Australia In The Twenty-First Century: An Independent and Self-Determining Nation Print E-mail
Written by The Honourable Barry O'Keefe, AM, QC   
Wednesday, 20 August 2003
The arguments advanced for changing our Australian Constitution from its present form, in which a constitutional monarchy is the model, to a republican model (the details of which are as yet substantially undefined), include the one that unless and until Australia is a republic we cannot have our own national identity, nor can we be independent and self-determining. As a subsidiary matter, sometimes stated, sometimes implied, the claim is made that Australia's image in today's world is "colonial" and that this stems largely from the fact that our Constitution is a product of the Parliament at Westminster, ie a document formulated in England and imposed on us in Australia.


None of these arguments, whether direct or by implication, has any substance. Australia is, and has for some time been, an independent and self-determining nation in every sense of the word. Australia as a nation was never a colony, although each of the States of Australia had colonial origins . Our Constitution is the product of the finest Australian legal and political minds, exercised over the last part of the nineteenth century, hammered out in the foundry of the Constitutional Conventions and presented for adoption as our Constitution. It is an Australian Constitution formulated by Australians, for Australians and the fact that, if one wishes to resort to sterile legalism, it is an enactment of the Parliament at Westminster, does not detract from its Australian character nor give to it any sense of being a foreign product imposed on the Australian people. It is a good document, a sound document, one which has and still does, serve us well.


The way in which a people view themselves is not a question of science, rather it is one of impression, and often idiosyncratic. The way in which others view us is not very different. There is in my view little doubt that we, as Australians, and others (including the British) viewed Chauvel and his Light Horse as very different from the British forces in the Middle East during World War I. The epic ride across the desert to Damascus was hailed as a daring feat of a kind that only the adventurous, devil-may-care, tough Australians would be capable of. No one - Australian, British, Turk or Arab - ever confused the Aussies with the Tommies. The same was true in the trenches of France. and on the beaches of Gallipoli. Our national celebration on 25 April associates us with our geographic neighbour, New Zealand, but not with Britain.

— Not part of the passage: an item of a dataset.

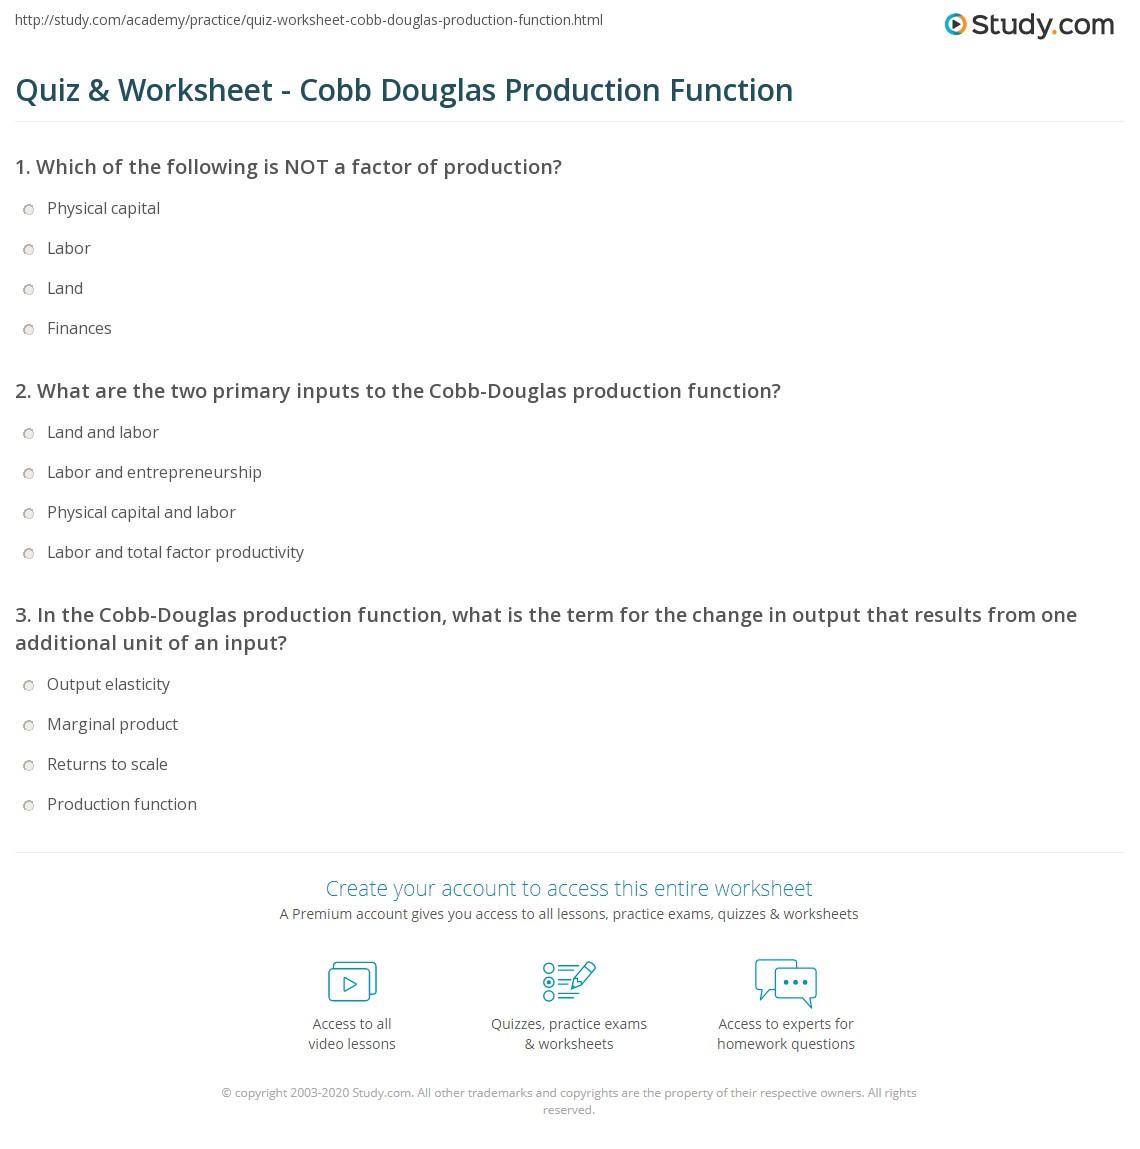 Douglas Factors Worksheet Printable Worksheets And Activities For Teachers Parents Tutors And Homeschool Families
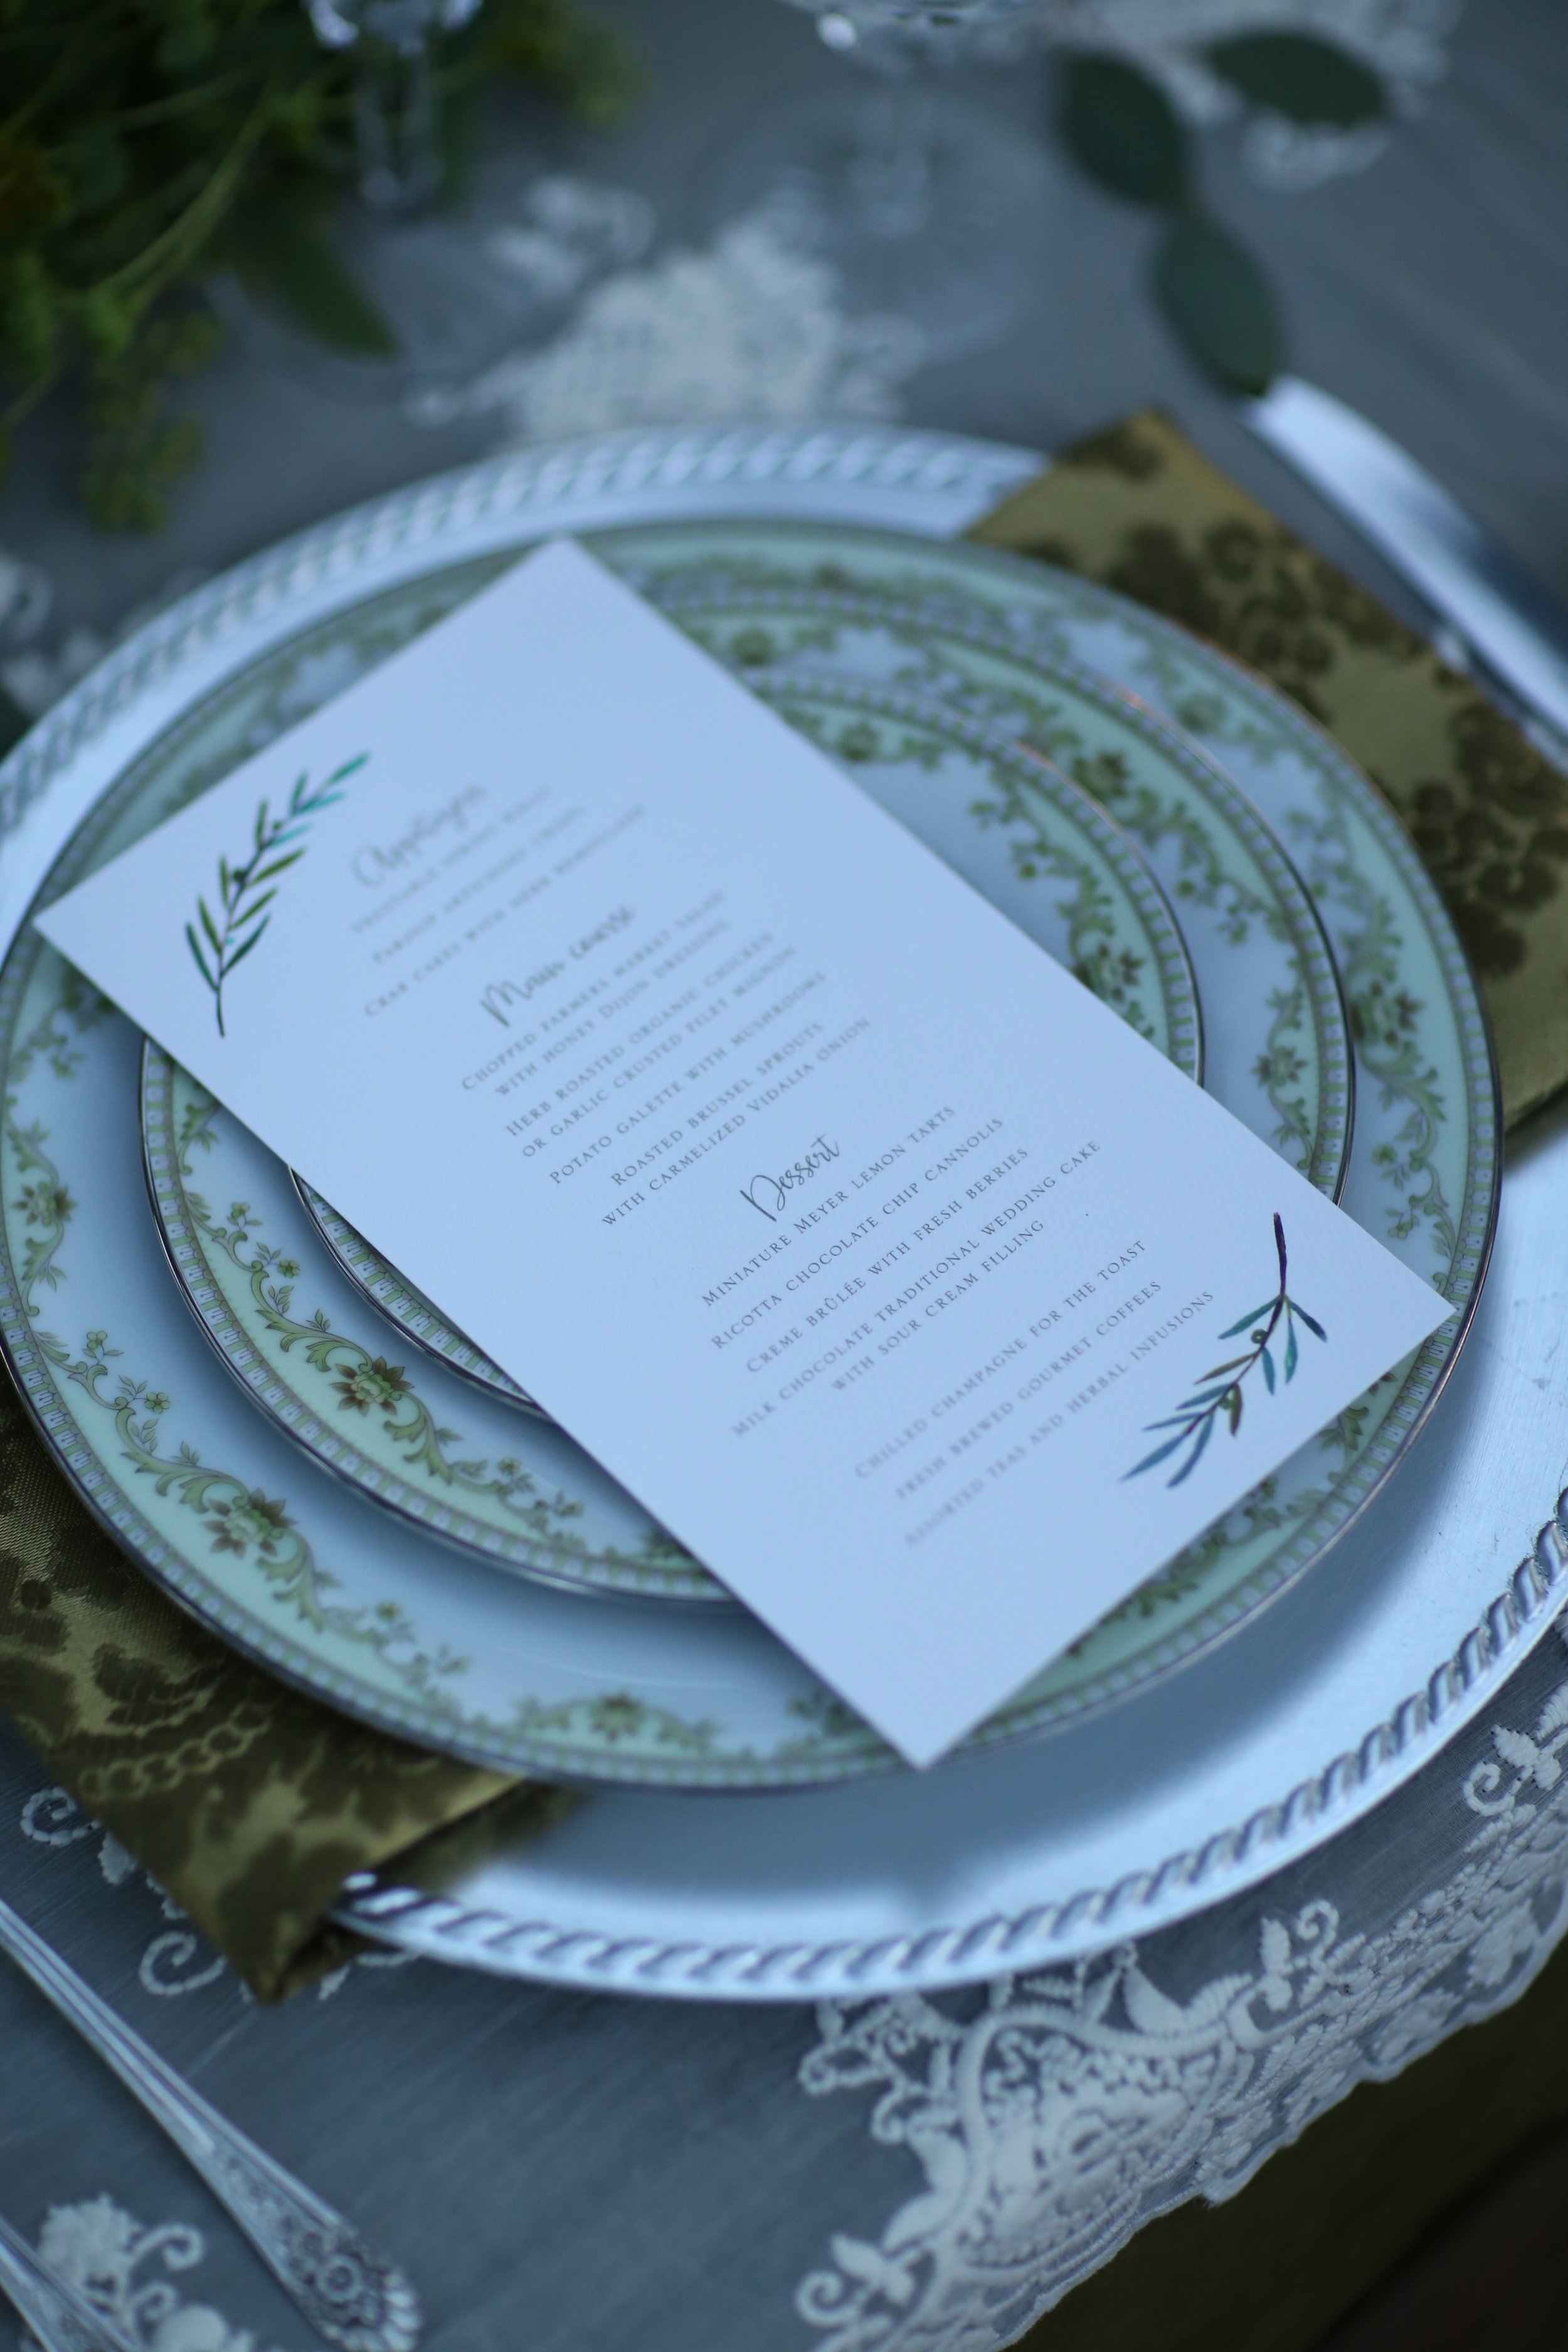 Vintage wedding rentals, mismatched china, charger plate, silver, napkins, linens.

Could there be any doubt in the minds of Australians or others throughout the world that the Rats of Tobruk were Australian? Their gallant defence of Tobruk, holding out against the Afrika Corps and other Axis forces during World War 11, has always been regarded as a strictly Australian enterprise, characteristic of the strong, resilient Australian way. Can there be any doubt today about the difference in the view of most Australians from that of the British Government in relation to the French nuclear tests currently being held in the Pacific?


I have no doubt of my Australian identity, although my origins were Irish, indeed Irish Catholic. Likewise I have no difficulty that my Australian identity is associated with a Constitution which recognises that we have a Queen of Australia. If some others experience a problem of identity, whatever may be its origins, it is difficult to see how it could arise out of our constitutional arrangements. In this regard, may I remind you, that the view which I have just expressed, namely that Australia and a separate Australian identity were recognised both here and throughout the world was accepted as axiomatic by the Federal Attorney General, Dr H V Evatt, when he spoke in the House on 2 October 1942. He stressed that there was then, full recognition of Australia and Australians as different from Britain and British, "not only by Britain, but throughout the world".'


The implication therefore that we do not have an Australian identity and that the absence of such an Australian identity is tied to our constitutional arrangements is without scientific, statistical or other examinable basis - indeed, it would seem to be without basis at all.


According to the Oxford Dictionary (1 hasten to add Australian edition); page 543, independence involves not being dependent on the authority or control of others and not depending on something or somebody else for validity. Perhaps the Australian Macquarie National Dictionary expresses the concept of independence most appropriately for the present purposes when it tells us that to be independent means that we are "not subject to another's authority or jurisdiction, autonomous; free".'


Dependence in relation to a body politic may take any one of a number of forms. It may be political. It may be legal. Political dependence may be either domestic or international, and legal dependence may be either legislative or judicial. In none of these is Australia dependent. In each of these fields, it is autonomous and self-determining. No one outside Australia has the lawful power to tell us how to run our country, how to govern ourselves, how our courts should decide matters.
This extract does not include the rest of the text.